■ Data block:
........

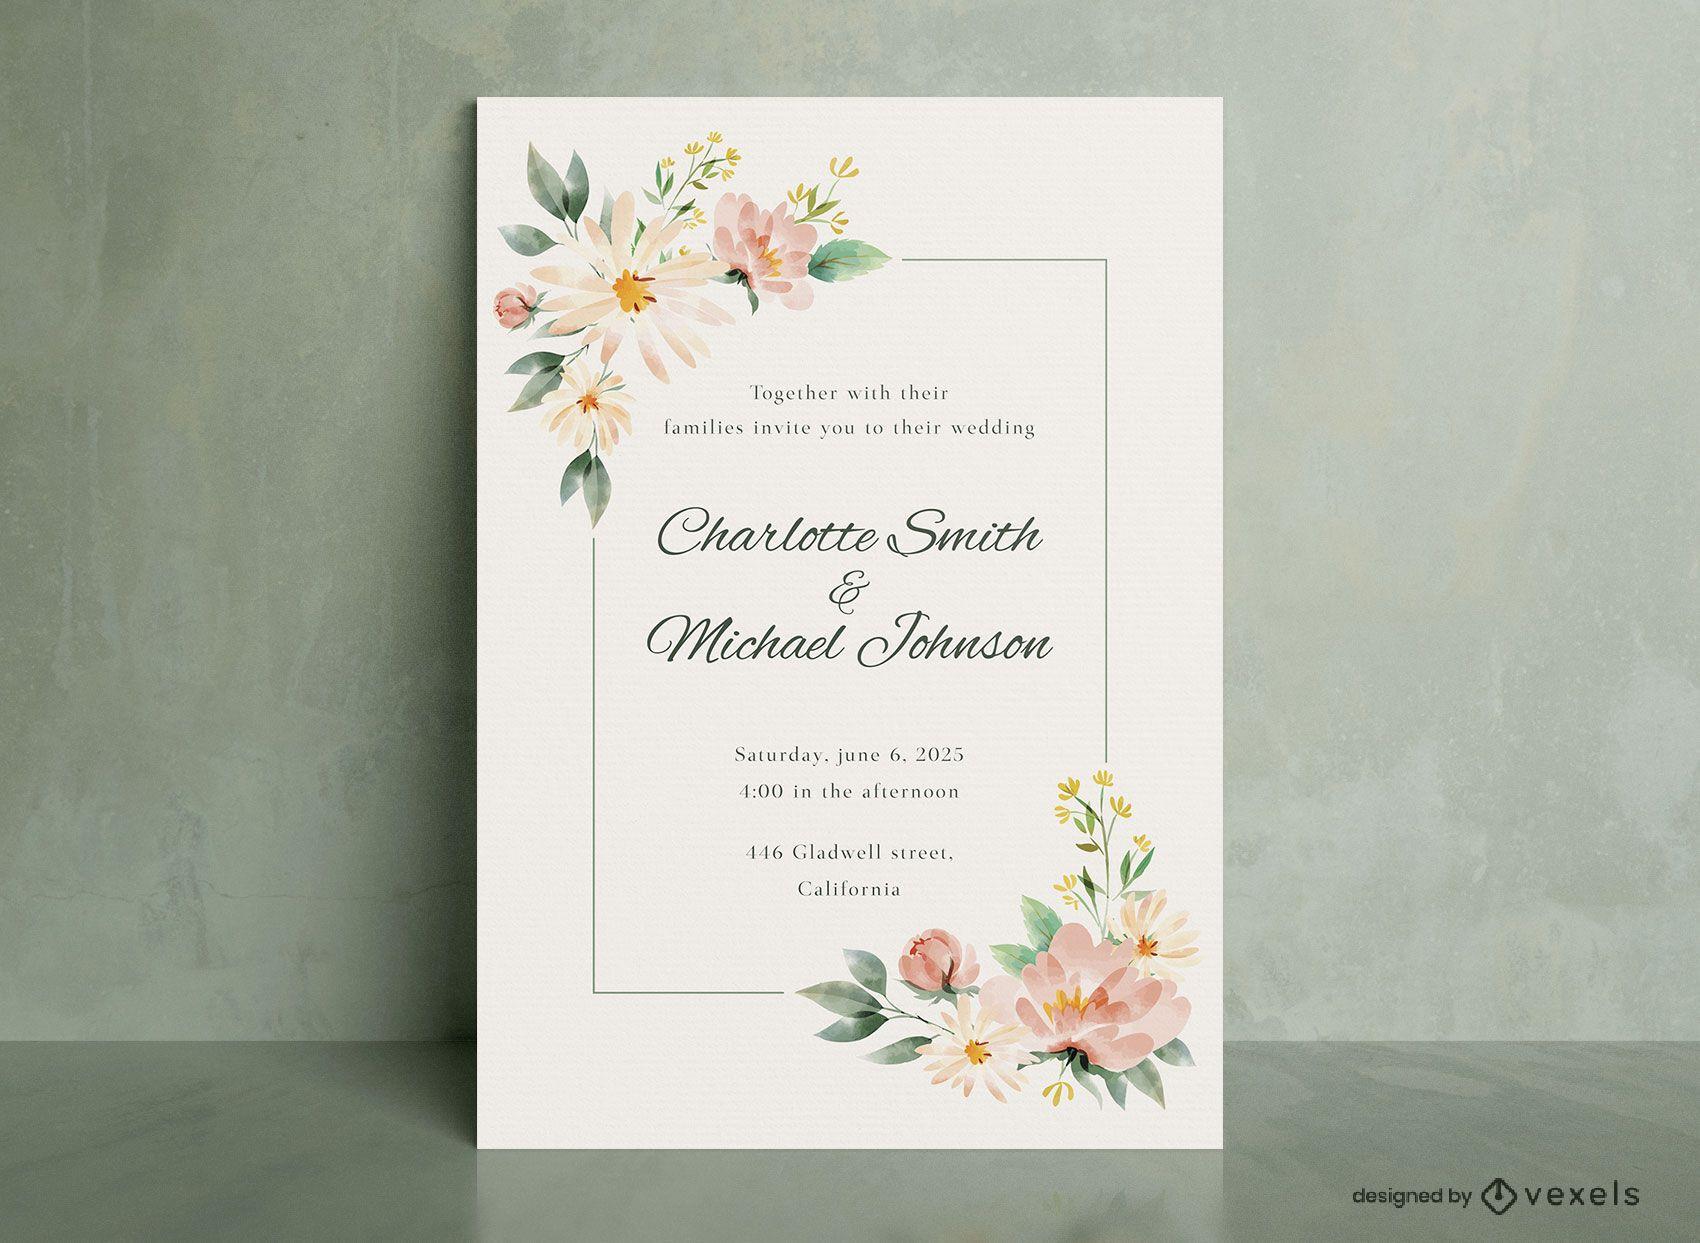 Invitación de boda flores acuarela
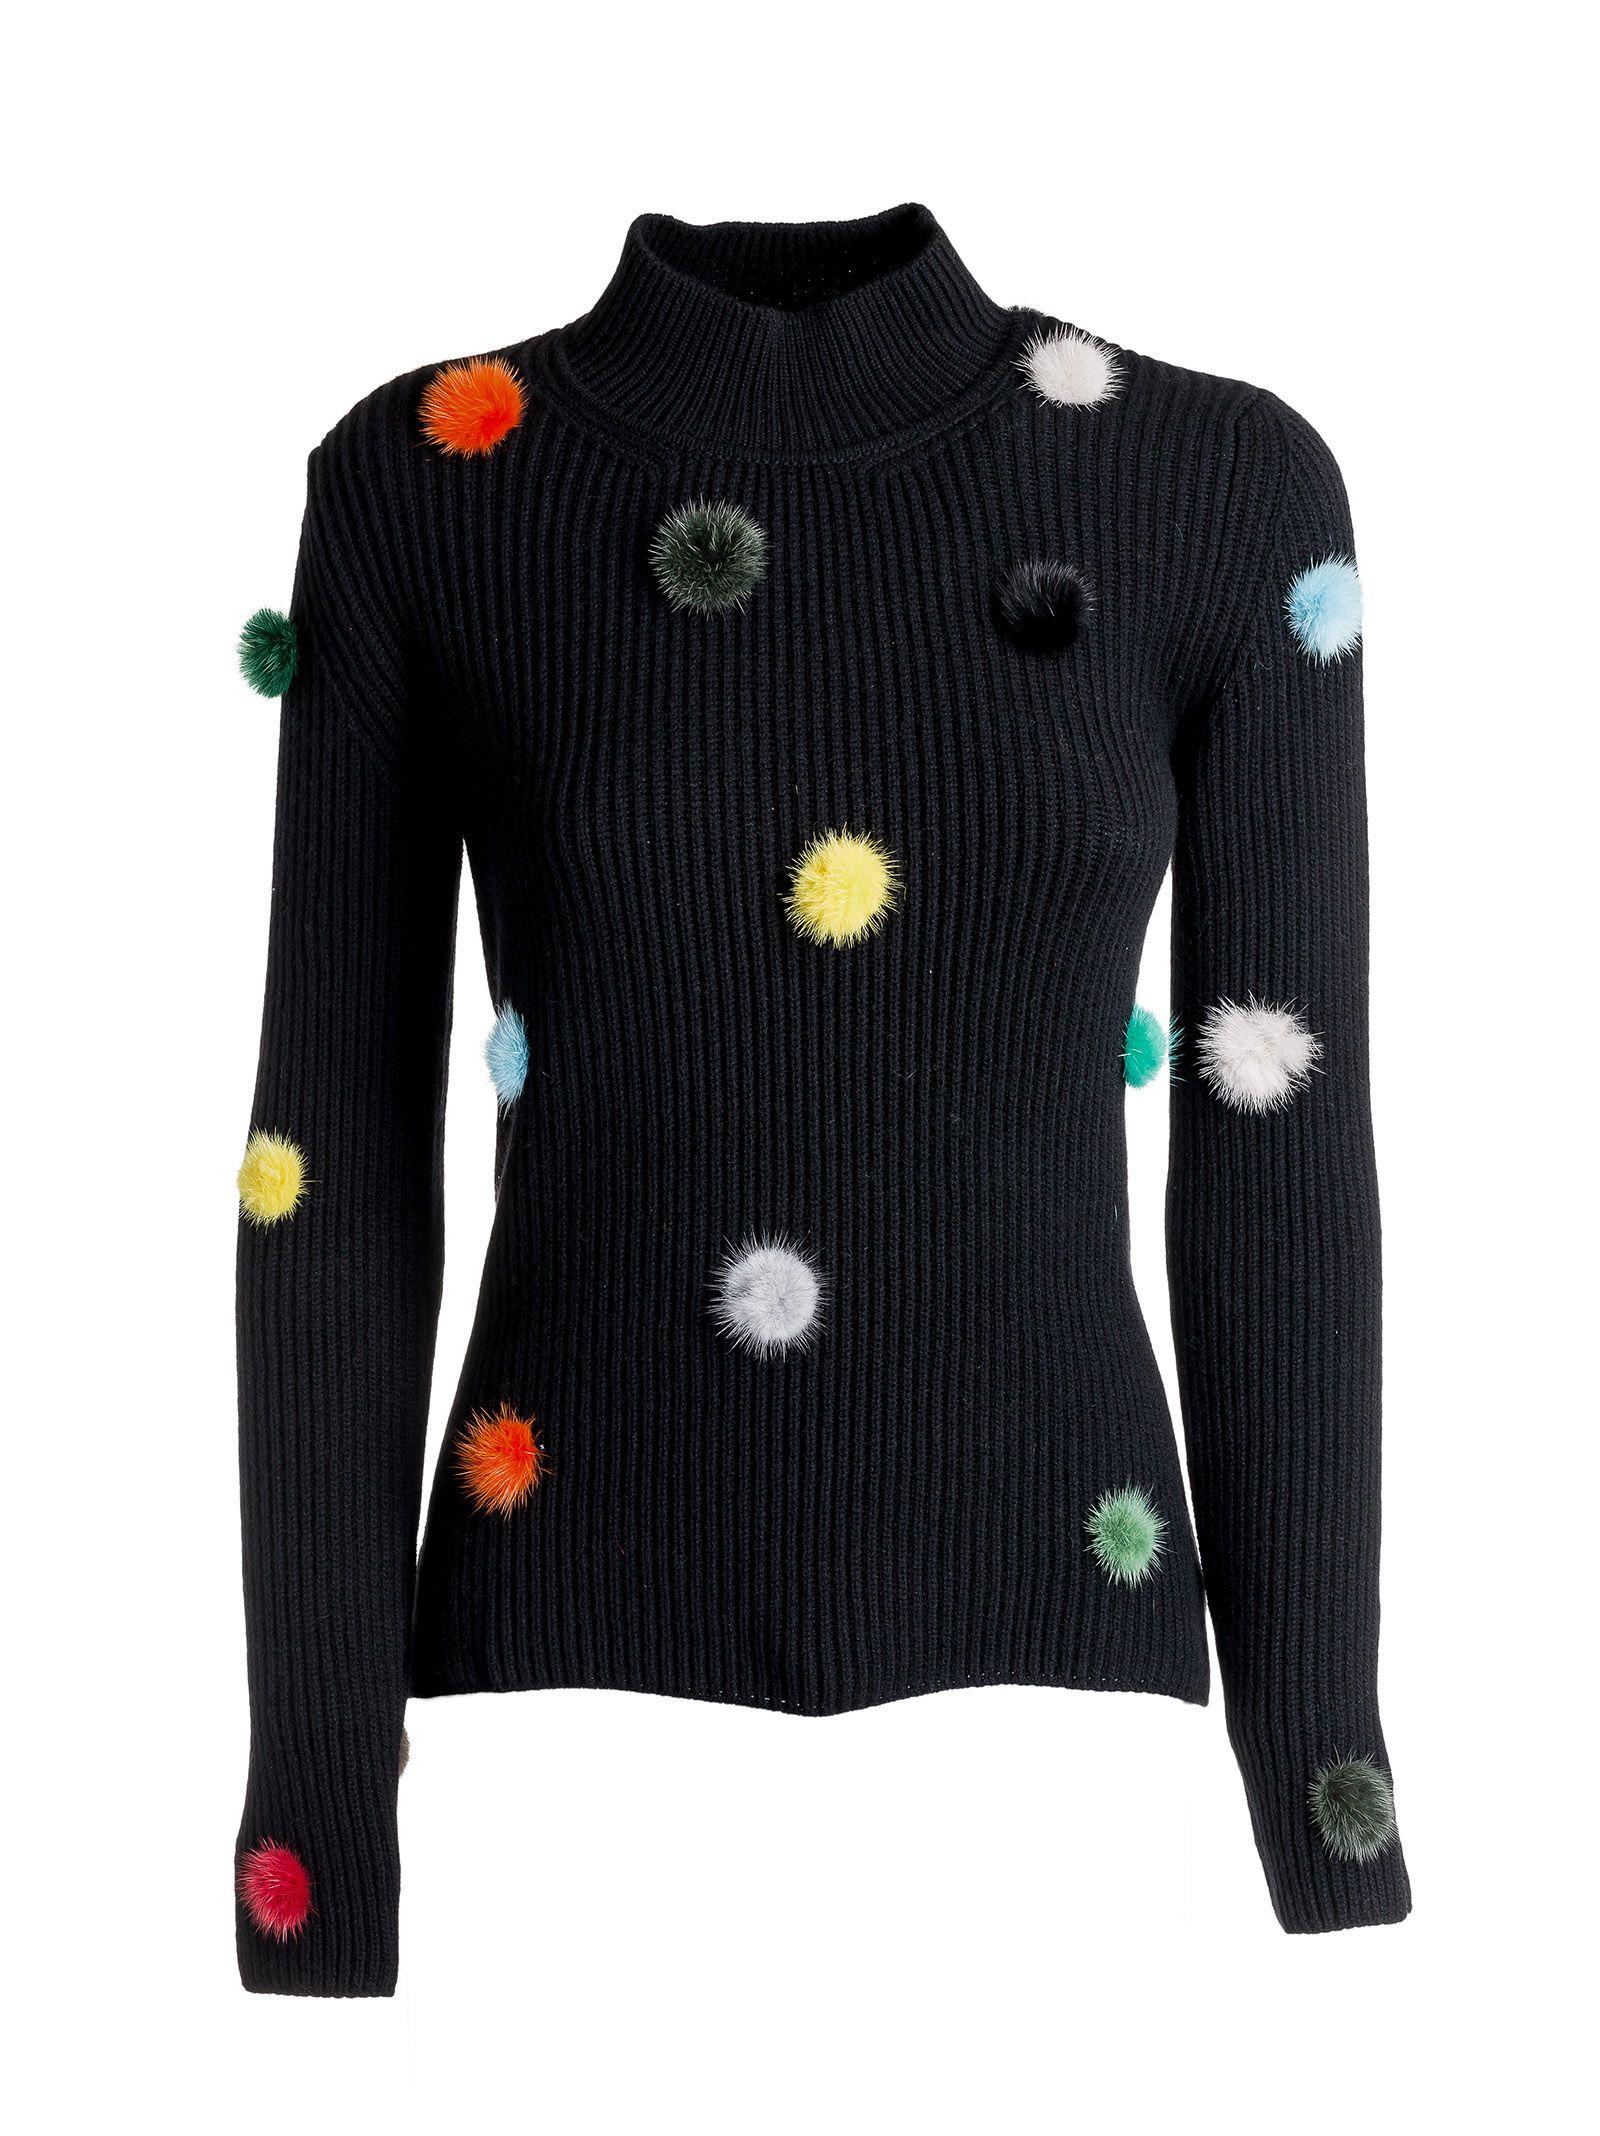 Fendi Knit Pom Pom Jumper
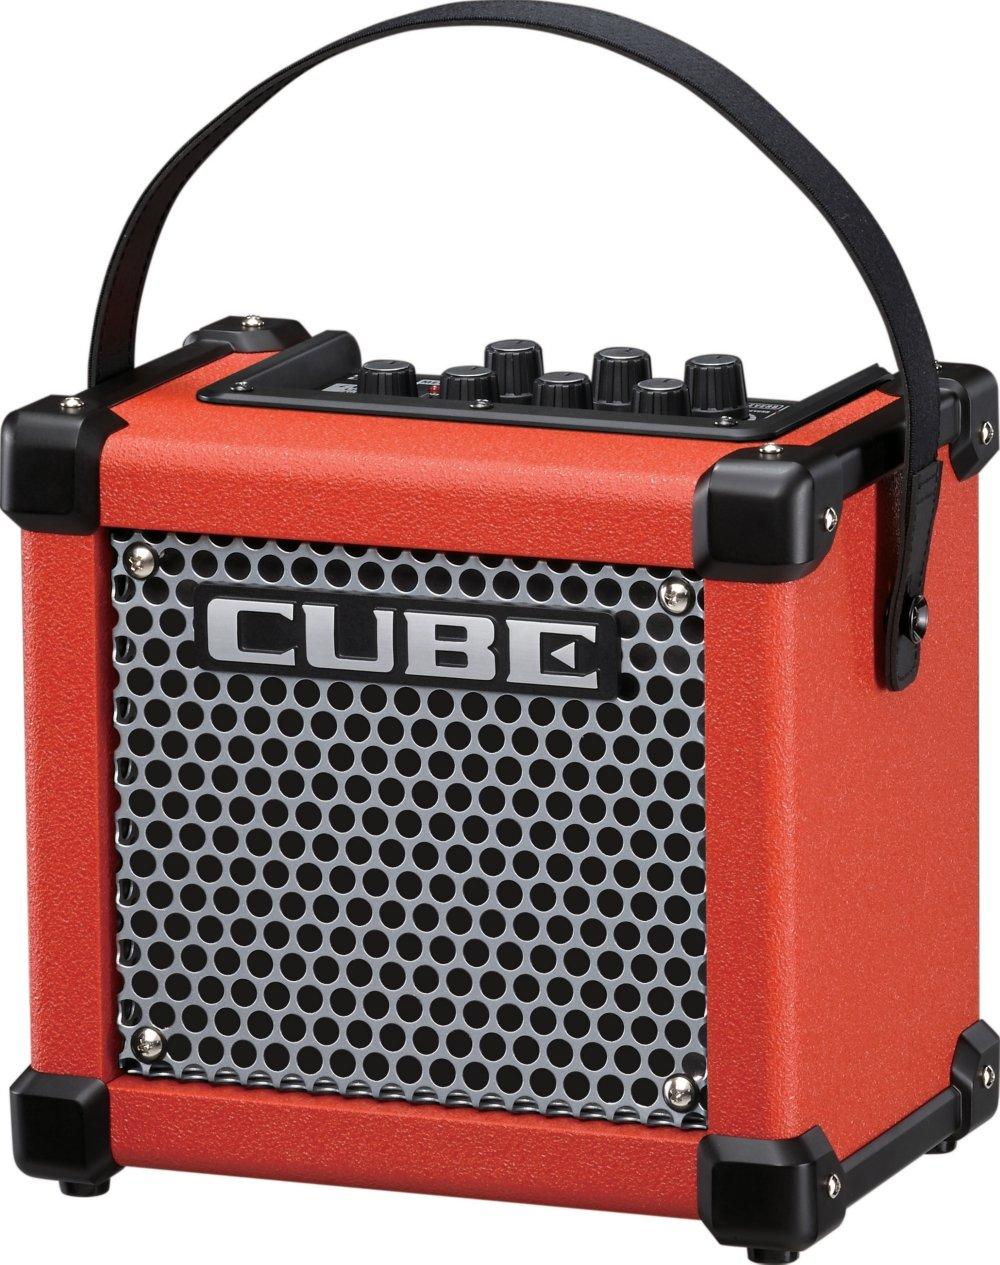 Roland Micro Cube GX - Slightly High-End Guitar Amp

........

Print every line above exactly as given, but not the pictures.

■ Written answer:
 Invitación de boda flores acuarela
 Fendi Knit Pom Pom Jumper
 Roland Micro Cube GX - Slightly High-End Guitar Amp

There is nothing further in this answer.